In order to maximize the utility of this study, we used MR, which identified 14 specific mitochondrial genes of interest with putative functional consequences in PD risk. We found that although a number of the genes we identified are clearly linked to known PD-related pathways, such as lysosomal dysfunction in the case of CLN8 and LMBRD1 or autophagy in the case of ATG14, others appeared to point towards new processes. In particular, this analysis highlighted the mitochondrial ribosome through the identification of the genes, MRPL43 and MRPS34, encoding components of the large and small mitochondrial ribosome subunits, respectively. Interestingly, biallelic mutations in MRPS34 are known to cause a form of Leigh syndrome, characterized by neurodegeneration in infancy with dystonia and choreoathetoid movements due to basal ganglia dysfunction. Furthermore, we note that a recent study that utilized whole exome sequencing (WES) data from two PD cohorts to investigate35,36 rare variation in nuclear genes associated with distinct mitochondrial processes, not only provided support for the involvement of mitochondrial function in sporadic PD, but also identified the gene, MRPL43, which encodes a component of the large mitochondrial ribosomal subunit.37 Interestingly, MRPL43 and MRPS34 were amongst five genes, which were also highly co-expressed in human brain with genes already known to cause monogenic forms of PD. Whereas MRPL43 and MRPS34 were highly co-expressed with PARK7 in modules enriched for neuronal markers, FASN and MPI were co-expressed with ATP13A2, and CLN8 was located in modules containing FBXO7 and enriched for oligodendrocyte markers. While this form of analysis does not provide information at the single-cell level, it points to the possibility of pathway interactions between these gene sets. However, most importantly it implicates entirely distinct mitochondrial processes in PD risk.

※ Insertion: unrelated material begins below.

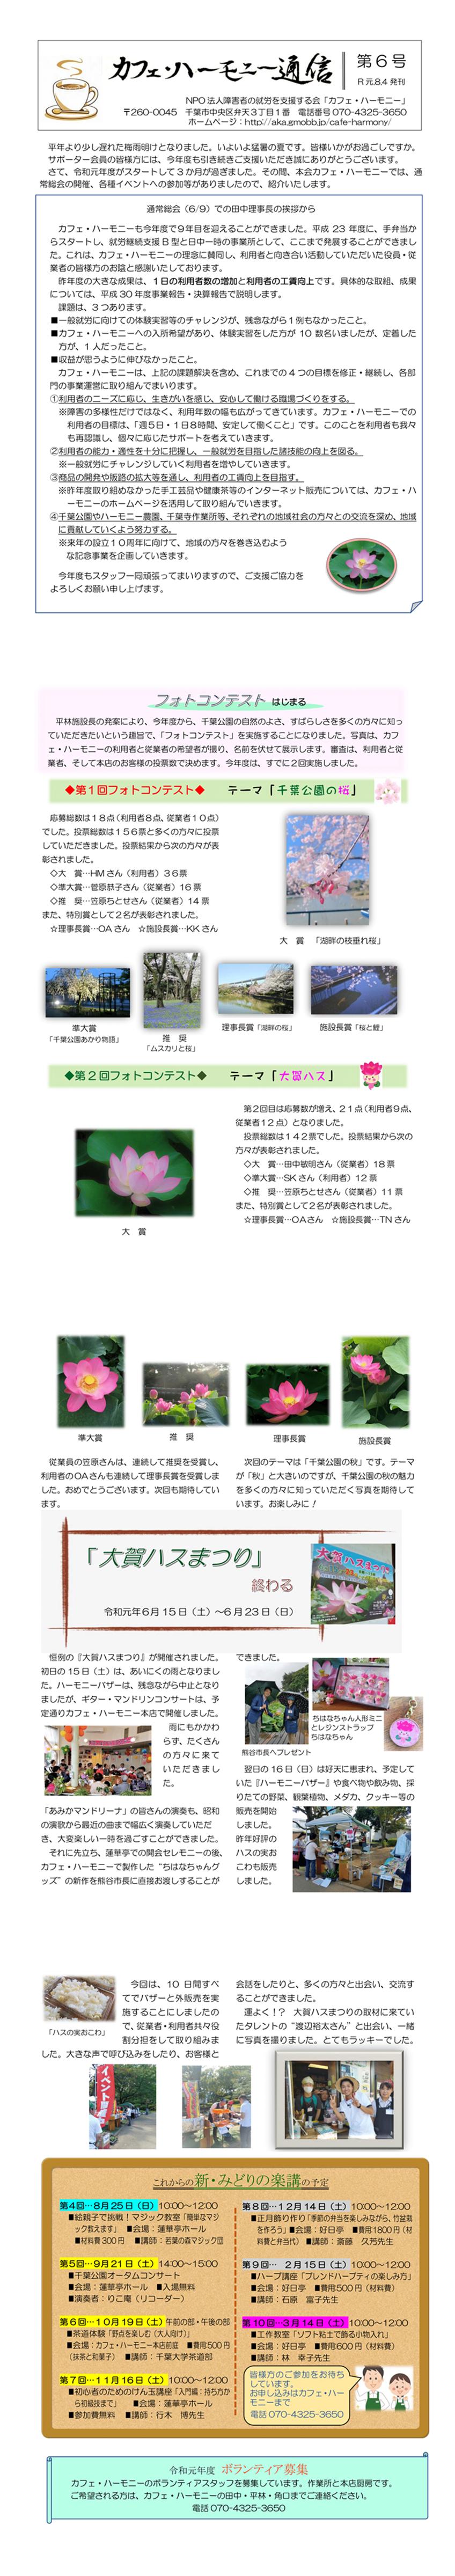 カフェ・ハーモニー通信 第6号

Finally, and perhaps most remarkably using our mitochondrial gene lists we observe clear differences between disease causation and AAO in PD. Although PRS of the primary mitochondrial gene list was not significantly associated with AAO, the PRS of the secondary mitochondrial gene list was positively correlated (p-value = 3.6E-05), indicating association with later age at onset. However, given these findings it seems plausible that some mitochondrial processes may contribute to PD risk. Thus, this analysis is consistent with the findings of the most recent and largest AAO PD GWAS, which reported that not all the well-established risk loci are associated with AAO and suggested a different mechanisms for PD causation and AAO.38 This has also been shown in previous studies that have shown no association of risk loci with AAO in sporadic PD.35,39

Although in this study we have comprehensively analyzed the largest PD datasets currently available with very specific and inclusive mitochondrial function gene lists, there are a number of limitations to our analyses. Firstly, there was a relative amount of heterogeneity in AAO within the AAO GWAS studies used. This was due to certain cohorts AAO being self-reported and other cohorts specifically recruiting younger onset cases. Nonetheless, the highly significant p-value we obtain for the association mitochondrial genes and AAO of PD (p-value = 3.56E-05) and the recognized importance of mitochondrial function in aging would suggest that this finding is likely to be robust. Furthermore, it is important to recognize that our understanding of mitochondrial biology is far from complete and this is made evident by the fact that many individuals with probable genetic forms of mitochondrial disease remain undiagnosed. This in conjunction with the fact we also removed the mitochondria function-associated genes that are known risk hits (such as SNCA), suggests that our analysis likely represents an underestimate of the overall contribution of the mitochondria pathway to sporadic PD. This underestimate is illustrated in Supplementary Figs. 1 and 2, which shows that heritability estimates and PRS scores are higher when the PD risk genes are included. However, we note that our ultimate goal for this study was to catalog mitochondria-specific genetic risk outside of known risk loci, which we have subsequently reported.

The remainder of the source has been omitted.